The leader of the gang had a nose as big as a bird’s beak and his last name, Parrott, was a humorously fitting circumstance when regarding his large snout. He was not guarded about his physical abnormality. He even drew atten
tion to it by tapping on his left nostril three times and saying: “After I was born, my folks changed our family name from Gerardo to Parrott on account of my schnozzle. Too bad. If I’d been born with a big something else, they might’ve changed our last name to Wienerschnitzel and named me Colossus.”
I had seen his likeness before. His mug was pasted on circulars in town. Impossible to forget a nose that size. Every telegraph pole in Leadville bore a poster of his profile.
WANTED. GEORGE PARROTT. ALSO KNOWN AS BIG NOSE GEORGE. DEAD OR ALIVE.
He carried a bird’s head Colt on his hip, wore a melon-colored shirt with butternut trousers, and kept his sundown orange hair cropped above his ears. He took his time poking about the kitchen cupboards as if he owned the place until he discovered an earthen jar of muddy whiskey. He poured out five lashings: four for his men and one for my father. They sat and drank, and George asked if he and his weary travelers might indulge a second slug before supper. My daddy did not refuse them.
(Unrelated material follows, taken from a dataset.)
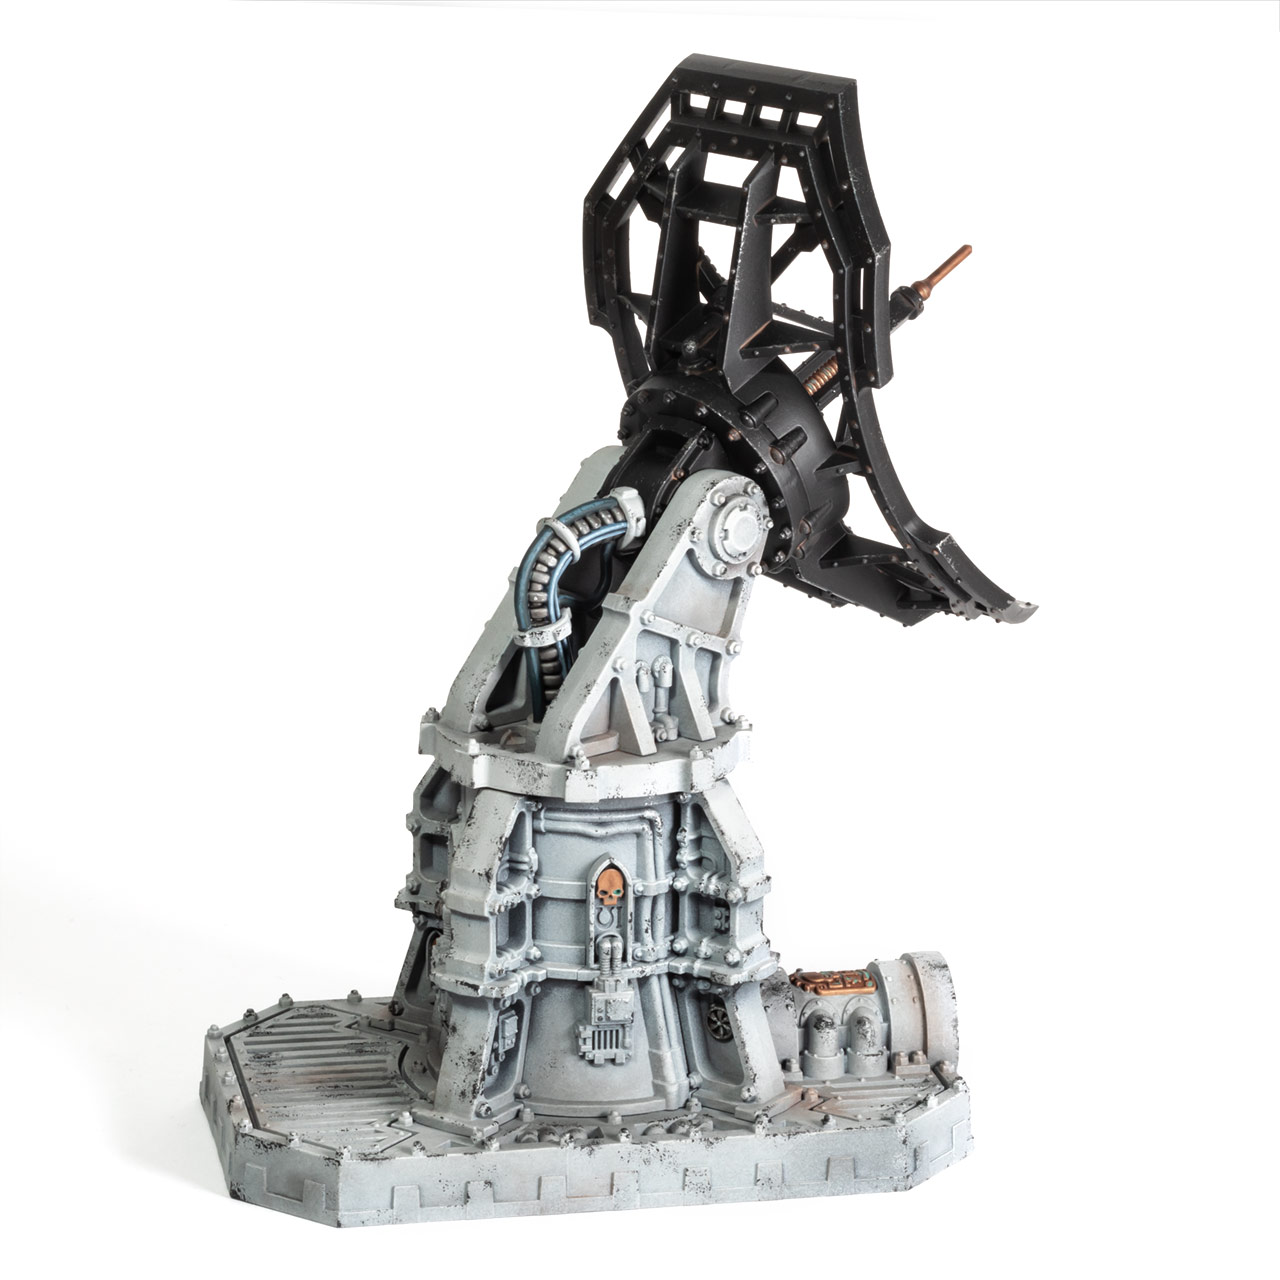 Battlezone Fronteris Auspex Shrine painted by Stahly, back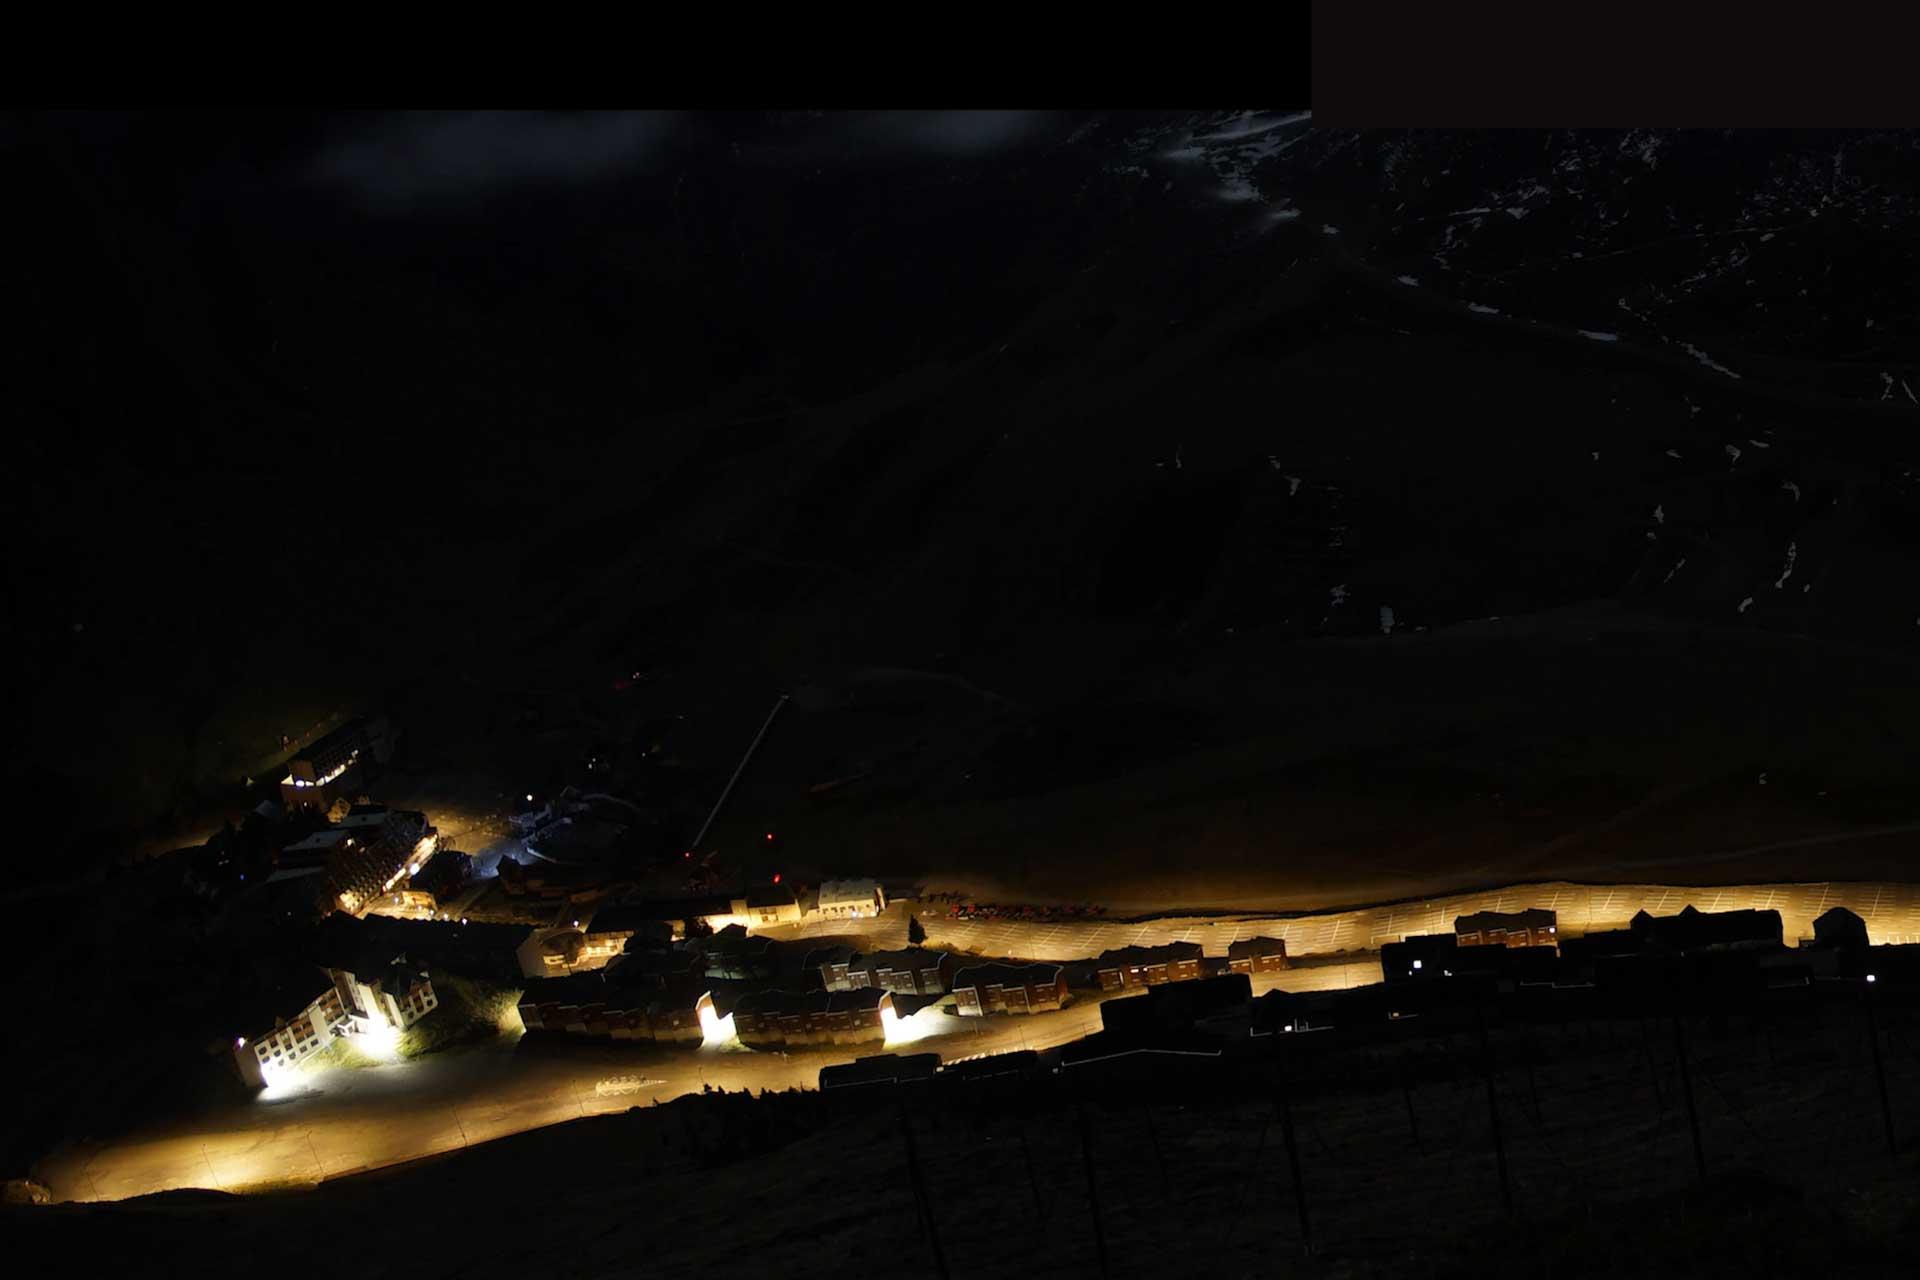 Smart lighting solution enables the town of La Mongie to dim the light so astronomers can appreciate the fully beauty of the sky above Pic du Midi in France

That night we dined on roast jackrabbit, boiled potatoes, biscuits with blackberries, and three lemon pies for dessert. The men were profane but in good humor. They masticated the rabbit and slurped berries straight from the spoon and poured the whiskey as freely as if it came from a spigot over the concrete kitchen sink. Soon their voices fell easy out of their mouths, their tongues as loose as if culling remembered song, when just twenty minutes prior they hardly had the stamina to answer a simple yes-or-no question.